Description:
We are looking for a Site Reliability Engineer who views "manual effort" as a bug to be fixed. In this role, you won't just be keeping the lights on; you will be the architect of our system’s resilience. We need a proactive engineer who is obsessed with Kubernetes and Cloud infrastructure, but also has a visionary streak—someone eager to experiment with AI-driven operations (AIOps) to predict failures and automate responses.

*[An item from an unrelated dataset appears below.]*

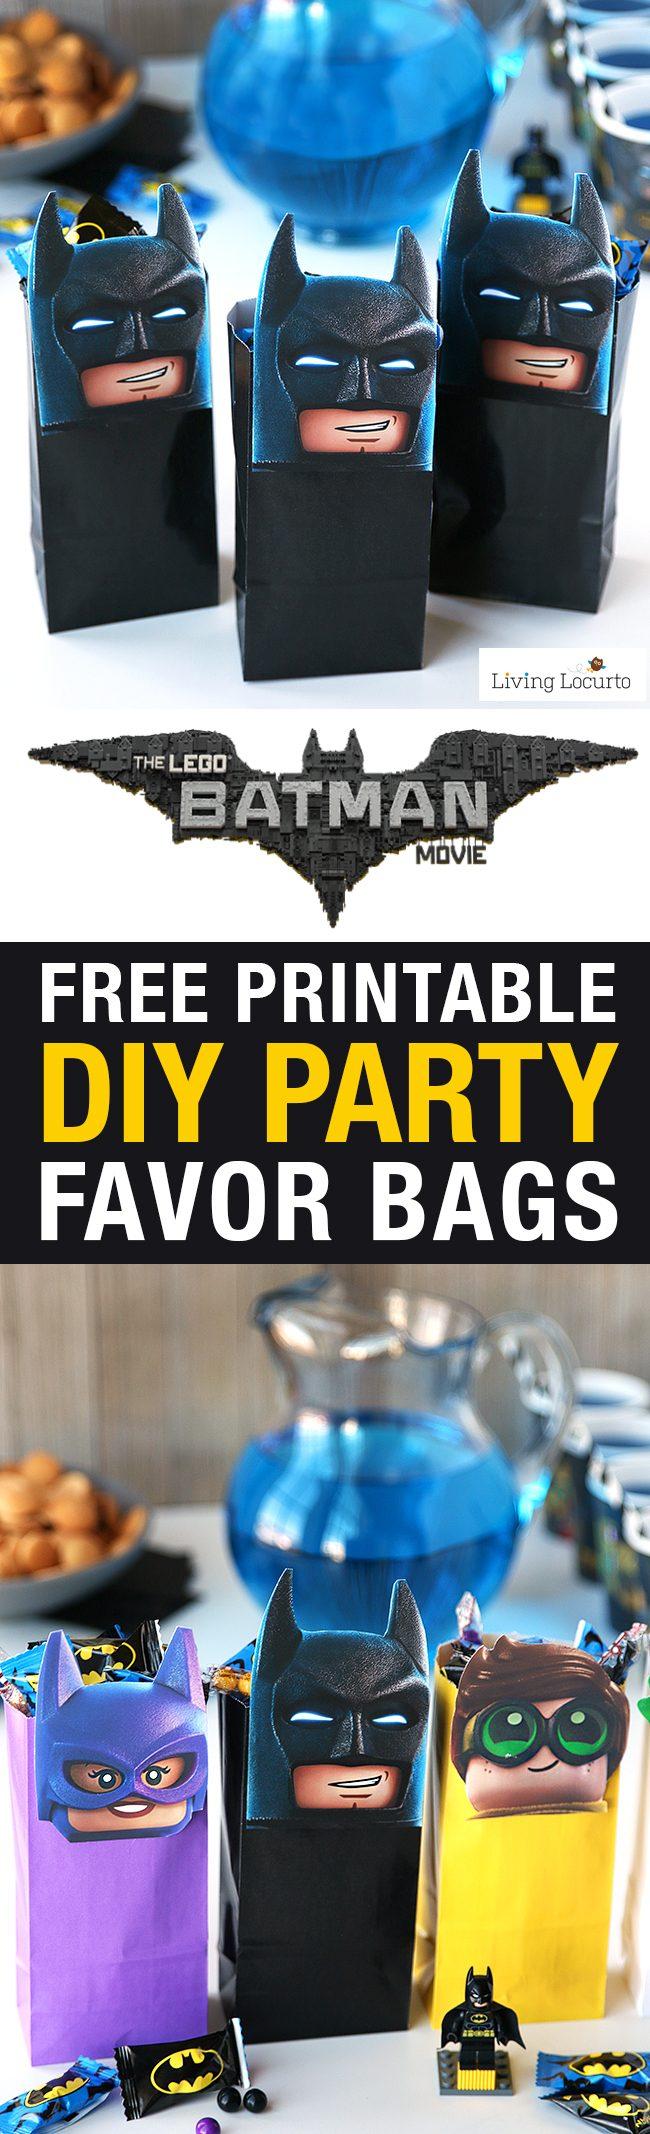 The Lego Batman Movie Diy Party Treat Bags | Free Printable Favor Bags - Free Printable Lego Batman

If you enjoy building self-healing systems and staying ahead of the tech curve, this is the place for you.
What you will be doing
- Engineering Reliability: Designing and implementing self-healing infrastructure using Kubernetes to maintain high uptime and system integrity
- Scaling Cloud Ecosystems: Optimizing our cloud footprint (AWS/GCP/Azure) to ensure our platforms can handle rapid growth without breaking a sweat
- Innovating with AI: Proactively identifying opportunities to integrate AI tools into our observability stack to automate incident detection and root-cause analysis
- Eliminating Toil: Writing clean, efficient code to automate repetitive operational tasks, turning manual workflows into seamless "set and forget" processes
- Defining Observability: Building advanced monitoring and alerting frameworks that provide deep insights into system health and performance
What we are looking for
- Kubernetes Power User: Extensive experience managing production-grade K8s environments, including ingress, service mesh, and container security
- Cloud Infrastructure Expert: A deep understanding of cloud networking, storage, and compute services within a major provider (AWS, Azure, or GCP)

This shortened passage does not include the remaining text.